**Task item**
All records below should be repeated exactly, with the pictures left out.

**Data records**
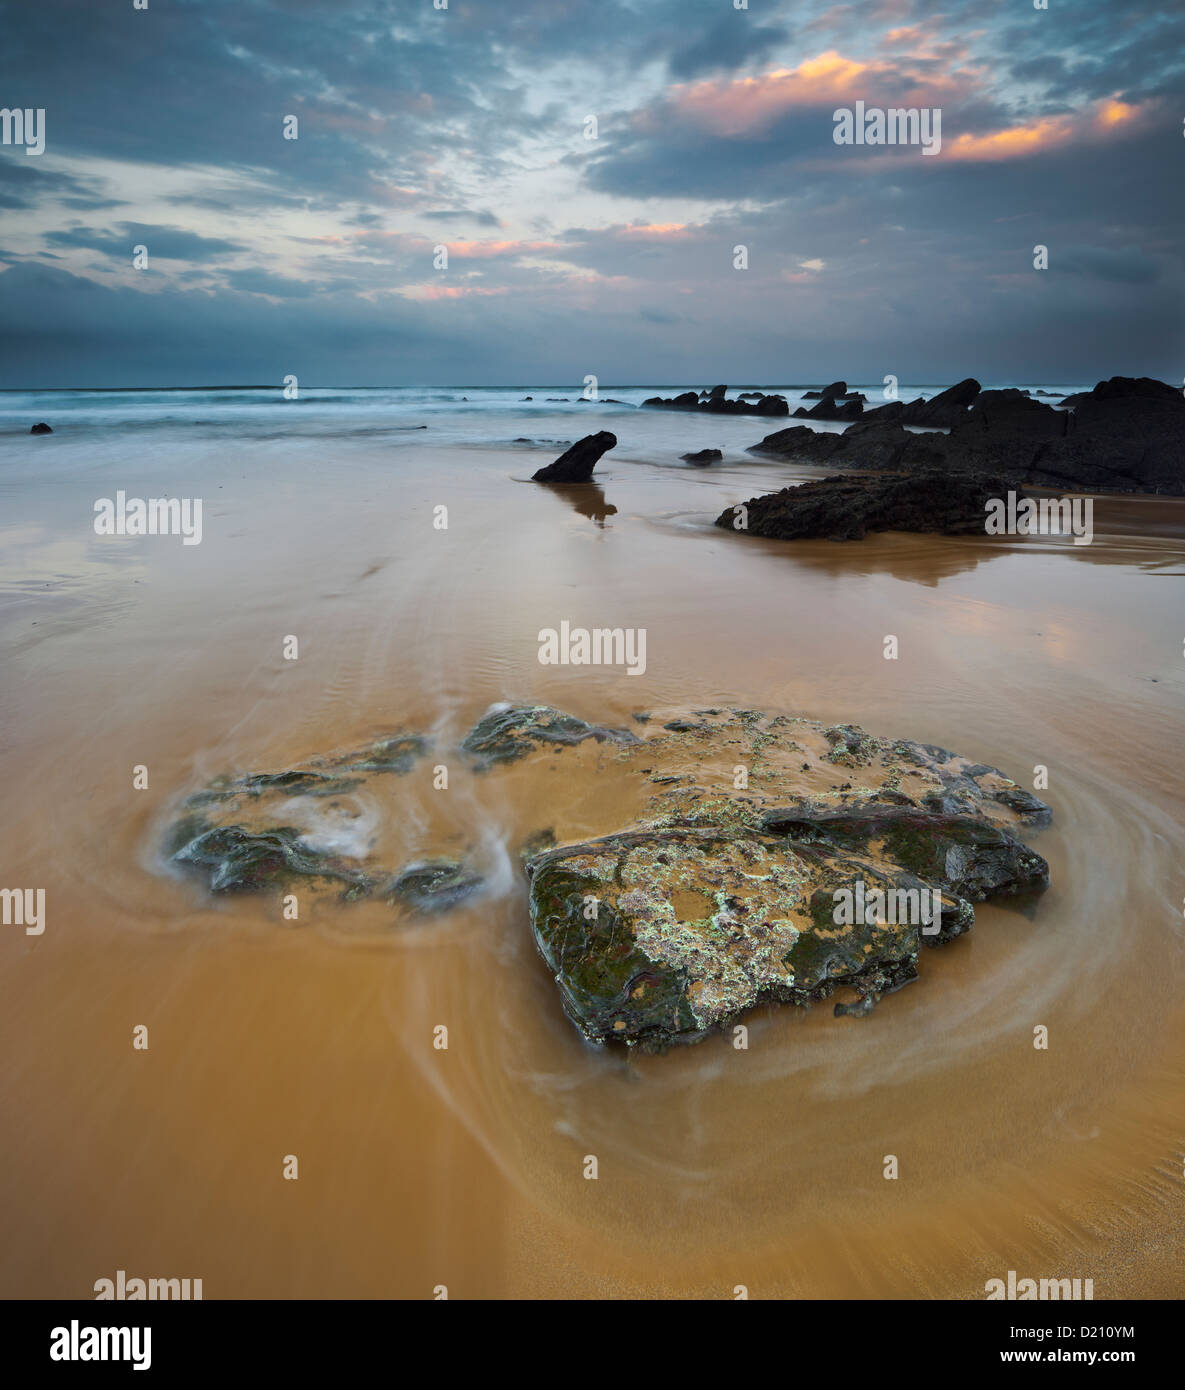 Roches sur plage, Barrika, Golfe de Gascogne, Asturias, Espagne Banque D'Images
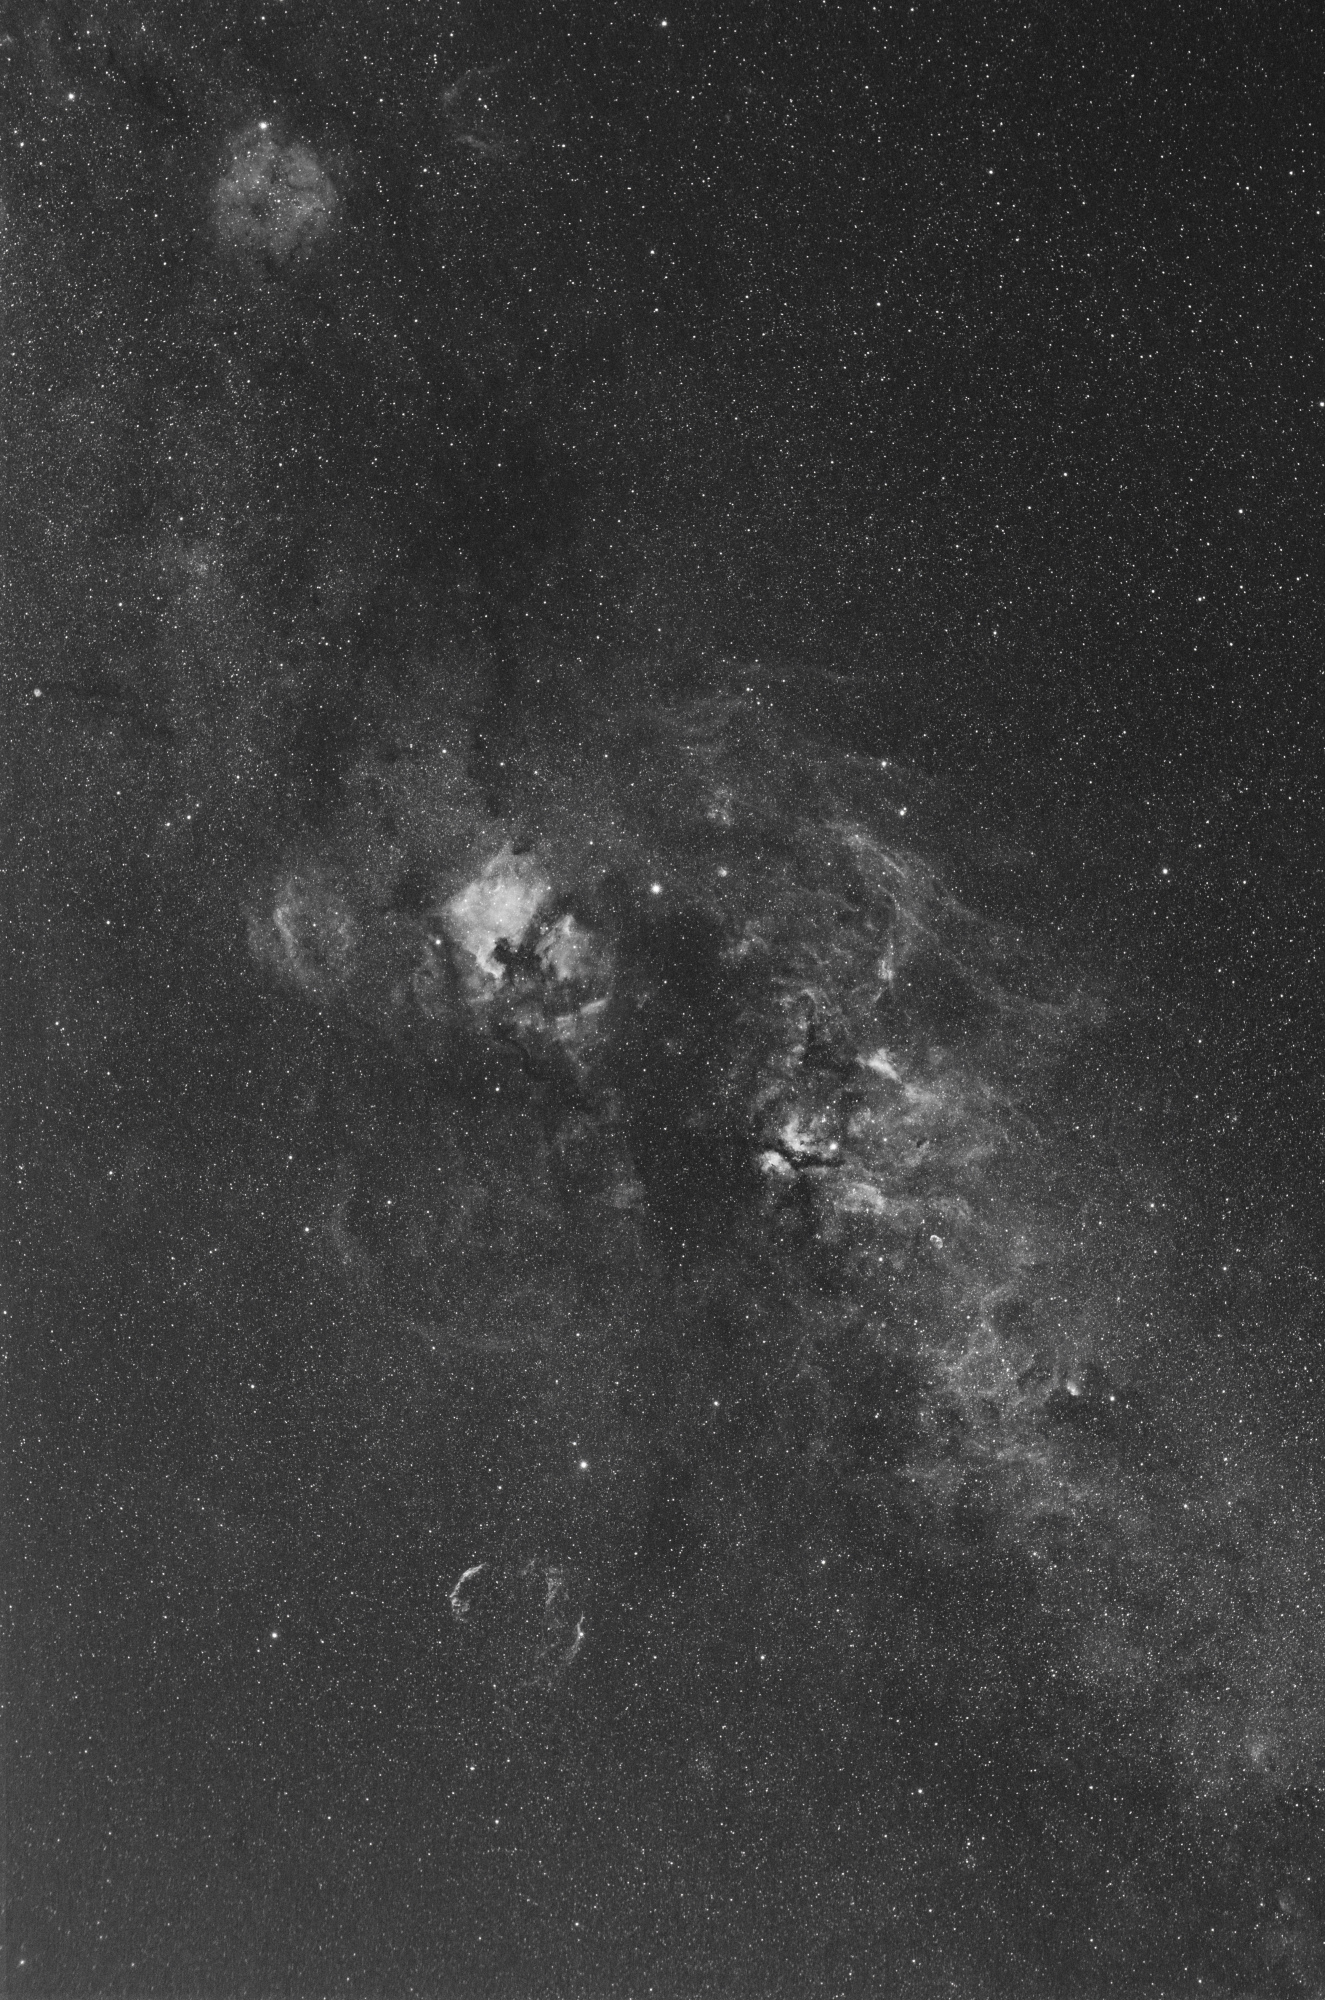 NGC_7000_H_alpha_66_x_2_min_D_V3.jpg
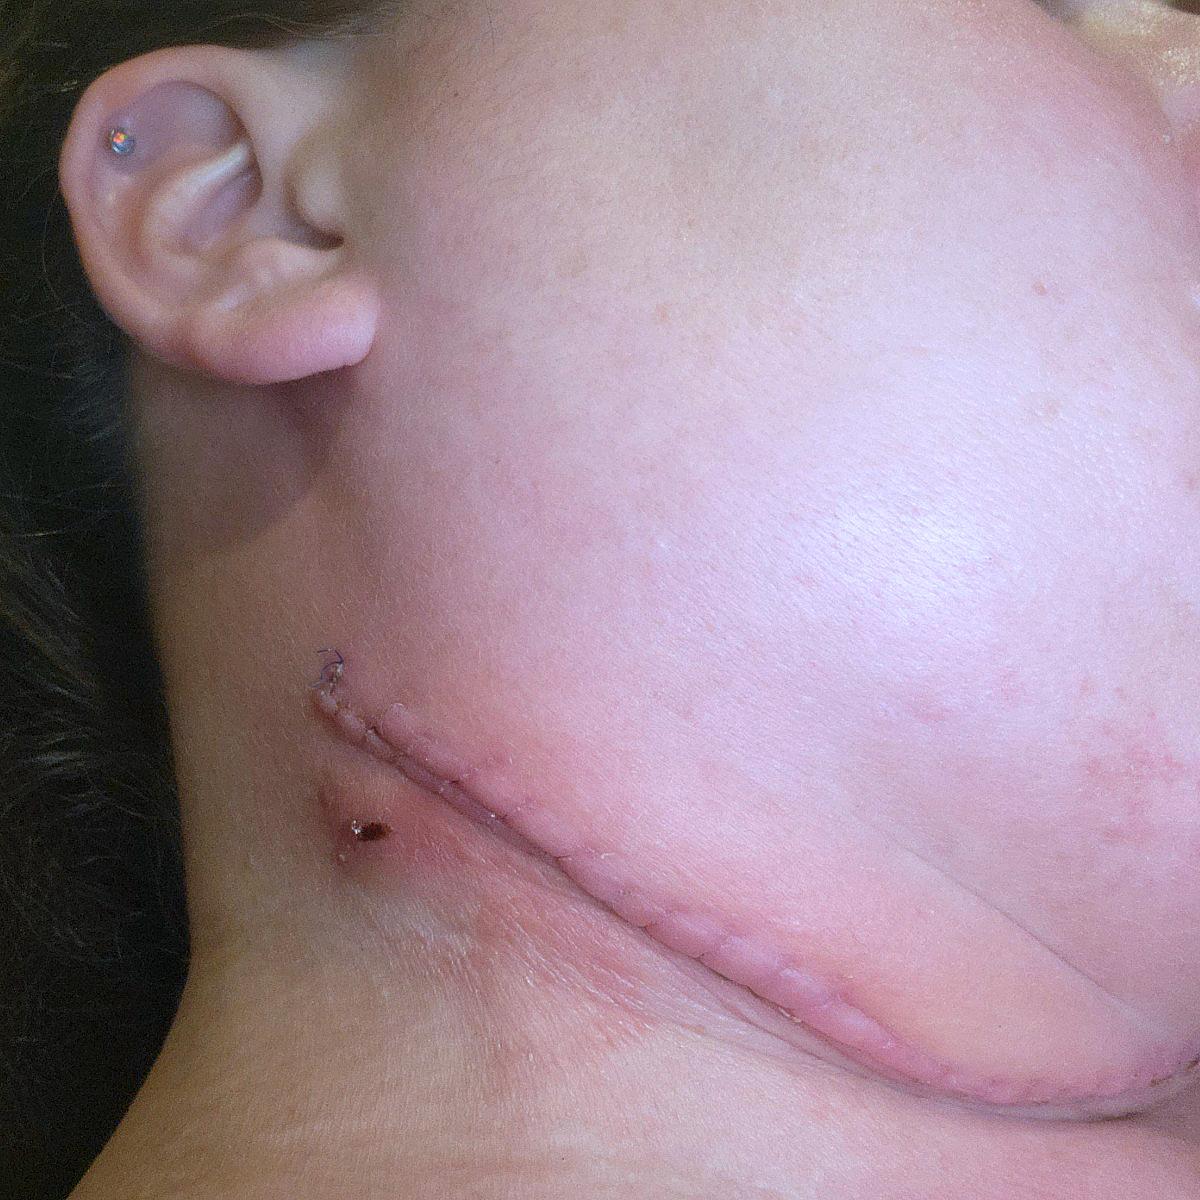 Karen Jensen's neck healing after several days
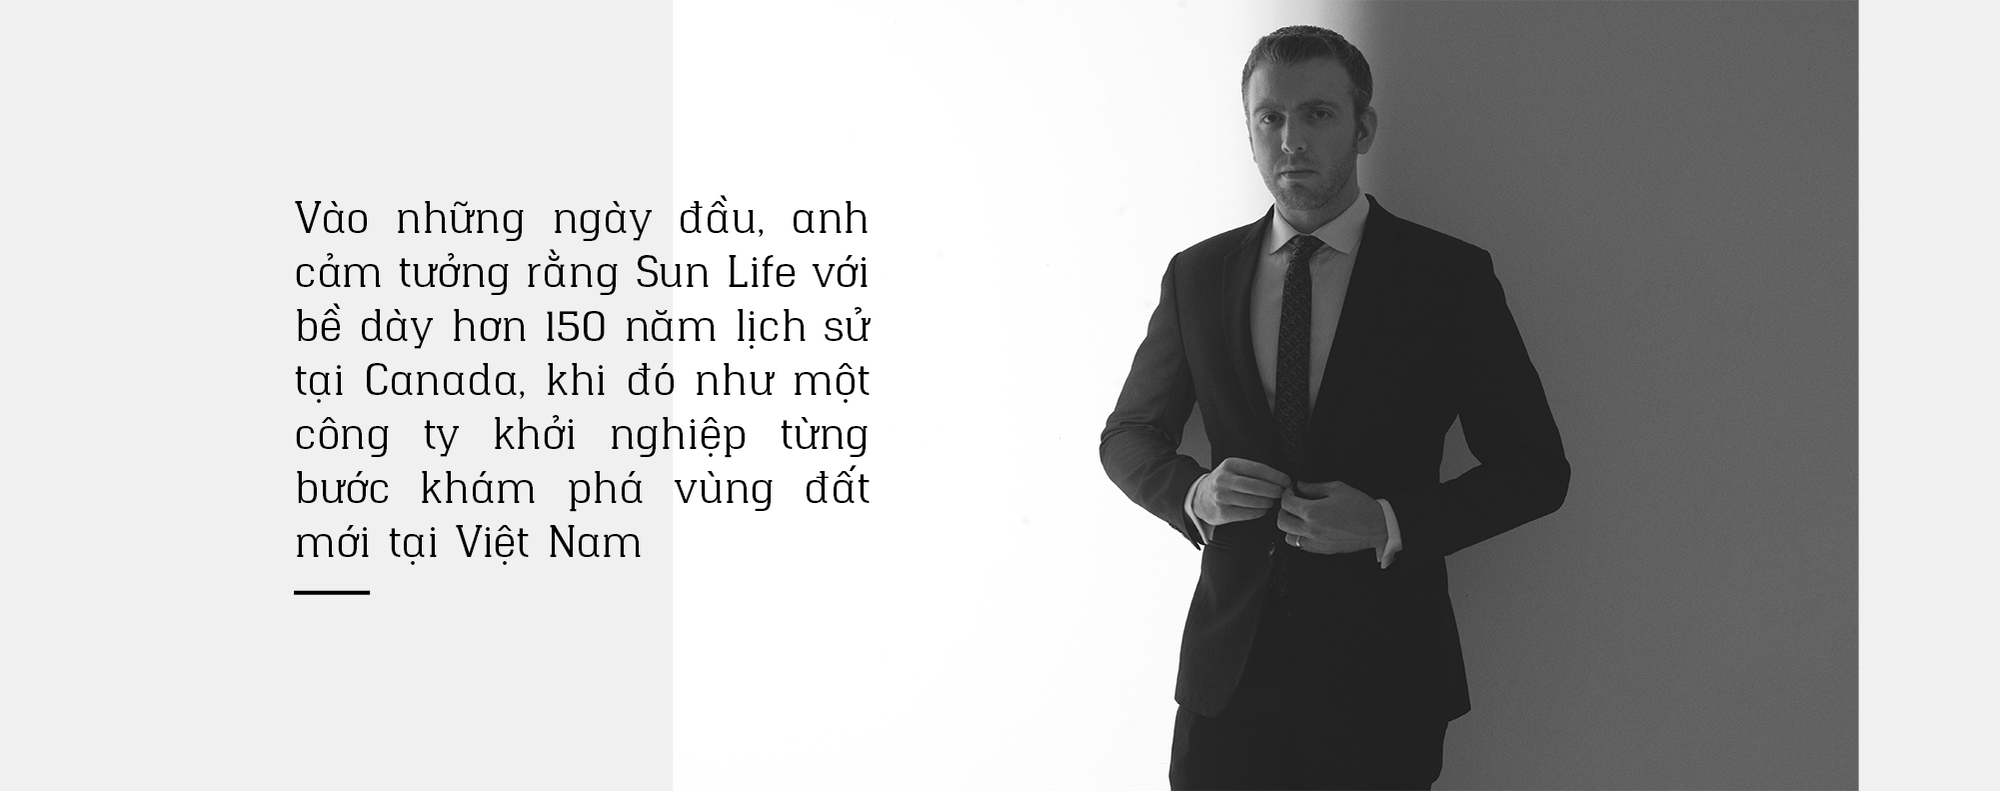 Matthew Mohr, Phó tổng Giám đốc Tài chính Sun Life Việt Nam:THÀNH QUẢ TỪ NHỮNG NƯỚC ĐI MẠO HIỂM - Ảnh 5.
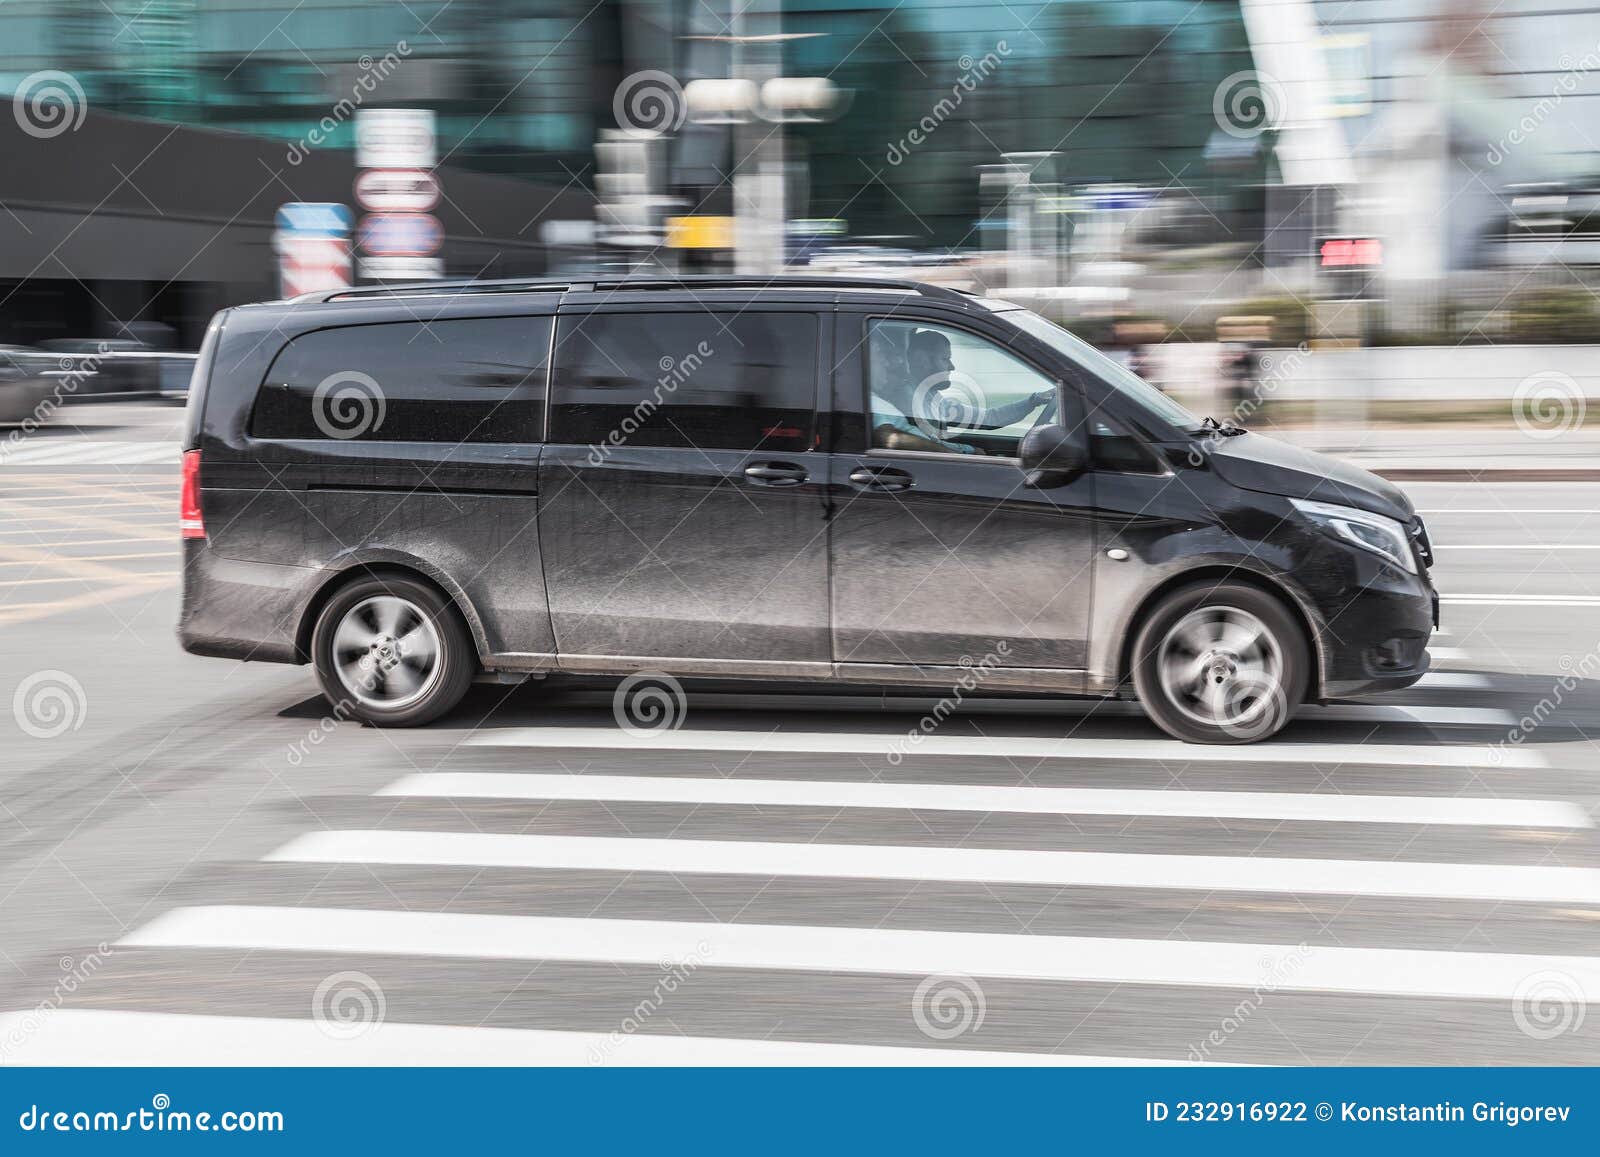 Black passenger van Mercedes Benz W447 Viano in the city street in

**Output for this task**
 Roches sur plage, Barrika, Golfe de Gascogne, Asturias, Espagne Banque D'Images
 NGC_7000_H_alpha_66_x_2_min_D_V3.jpg
 Karen Jensen's neck healing after several days
 Matthew Mohr, Phó tổng Giám đốc Tài chính Sun Life Việt Nam:THÀNH QUẢ TỪ NHỮNG NƯỚC ĐI MẠO HIỂM - Ảnh 5.
 Black passenger van Mercedes Benz W447 Viano in the city street in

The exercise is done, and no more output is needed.